HELP A problem on determine electric field in vector form

[Kudo Shinichi]

HELP!A problem on determine electric field in vector form

Homework Statement

The electric potential due to a charge distribution is given by V(x,y)=((100x)/(x²+y²)^3/2)*Volts
where the distances are in meters. What is the electric field (vector) at the position x=2m, y=0.2m?

The Attempt at a Solution

V(x,y)=((100*2i)/(2²i+0.2²j)^3/2)*volts
V(x,y)=(200i/(8i+0.008j))*volts
This is how I tried to solve the problem but I don't think that I did it correctly because I don't think that I can write a function with two directions together.
Can anyone help me with it? thank you very much

 

[quantumdude]

One thing is clear: You aren't reading your textbook.

First, they ask for the electric field, not the electric potential. So you are not supposed to evaluate V(x,y) at the given point. And even if you were supposed to do that, it makes no sense to insert the unit vectors \hat{i} and \hat{j} in there (where would those come from anyway??).

Please look in your book and find the definition of electric field in terms of electric potential. Then we can get started.

 

[Kudo Shinichi]

One thing is clear: You aren't reading your textbook.

First, they ask for the electric field, not the electric potential. So you are not supposed to evaluate V(x,y) at the given point. And even if you were supposed to do that, it makes no sense to insert the unit vectors \hat{i} and \hat{j} in there (where would those come from anyway??).

Please look in your book and find the definition of electric field in terms of electric potential. Then we can get started.

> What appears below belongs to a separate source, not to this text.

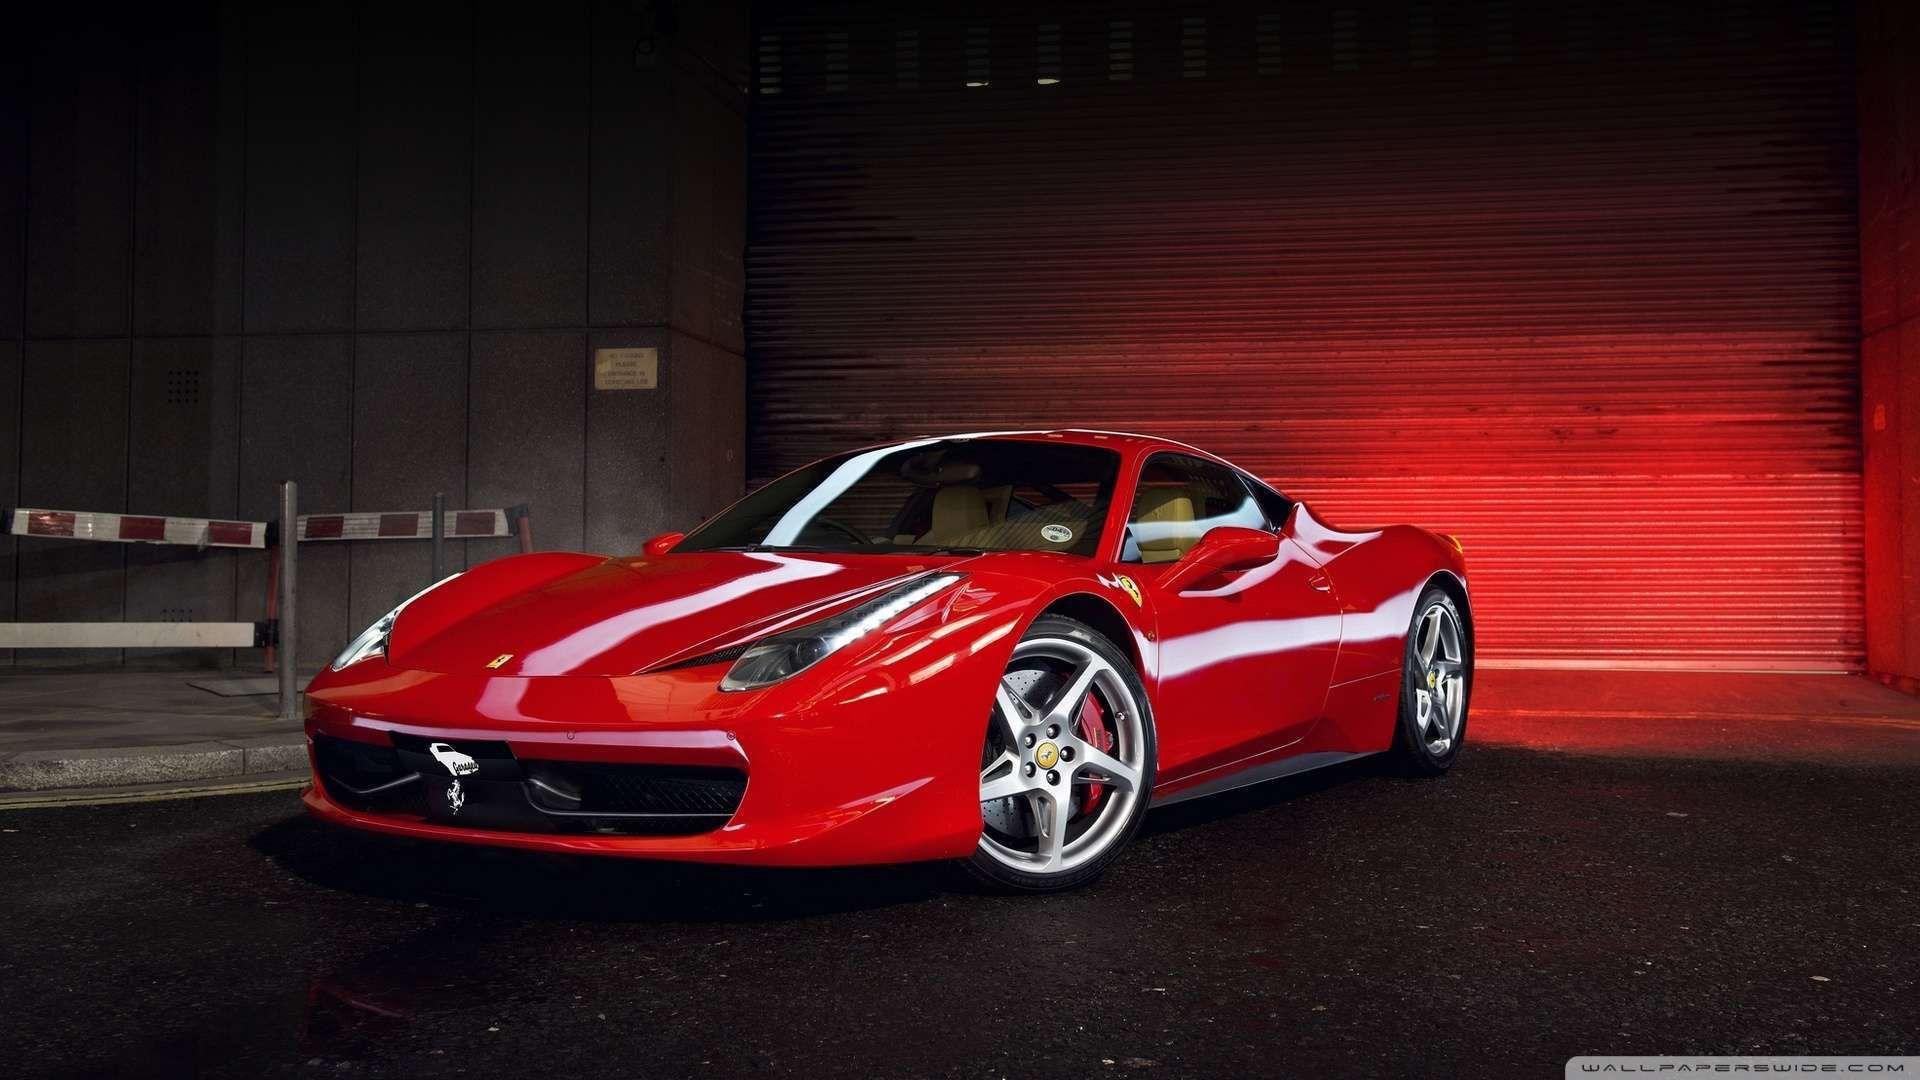 Ferrari 1080p Wallpaper Dengan Gambar

Sorry about that I didn't read the problem properly...
dV=-E*dl
E=-dV/dl
Then separate the x and y direction
E_x=-\deltaV/\deltax
E_x=-(100/(3/2(x²+y²)^1/2*(2x+y²))
E_y=-\deltaV/\deltay
E_y=(100x/(3/2(x²+y²)^1/2*(x²+2y))
then sub in x and y
is it right?

 

[quantumdude]

Your derivatives are wrong. If you post the steps you took to calculate them then I can show you where you made a mistake.

 

[Kudo Shinichi]

Your derivatives are wrong. If you post the steps you took to calculate them then I can show you where you made a mistake.

E_x=-\deltaV/\deltax
For this only we only have to derive x and let y be constant
the original equation is 100x/(x²+y²)^3/2
since we only need to derive x
then the equation becomes
100x-->100
use chain rule to do the following=outside derivative times inside derivative
(x²+y²)^3/2
3/2(x²+y²)^1/2*(2x)
E_x=-(100/(3/2(x²+y²)^1/2*(2x))
same for y but for this only derive y and let x be constant
E_y=-\deltaV/\deltay
E_y=(100x/(3/2(x²+y²)^1/2*(2y))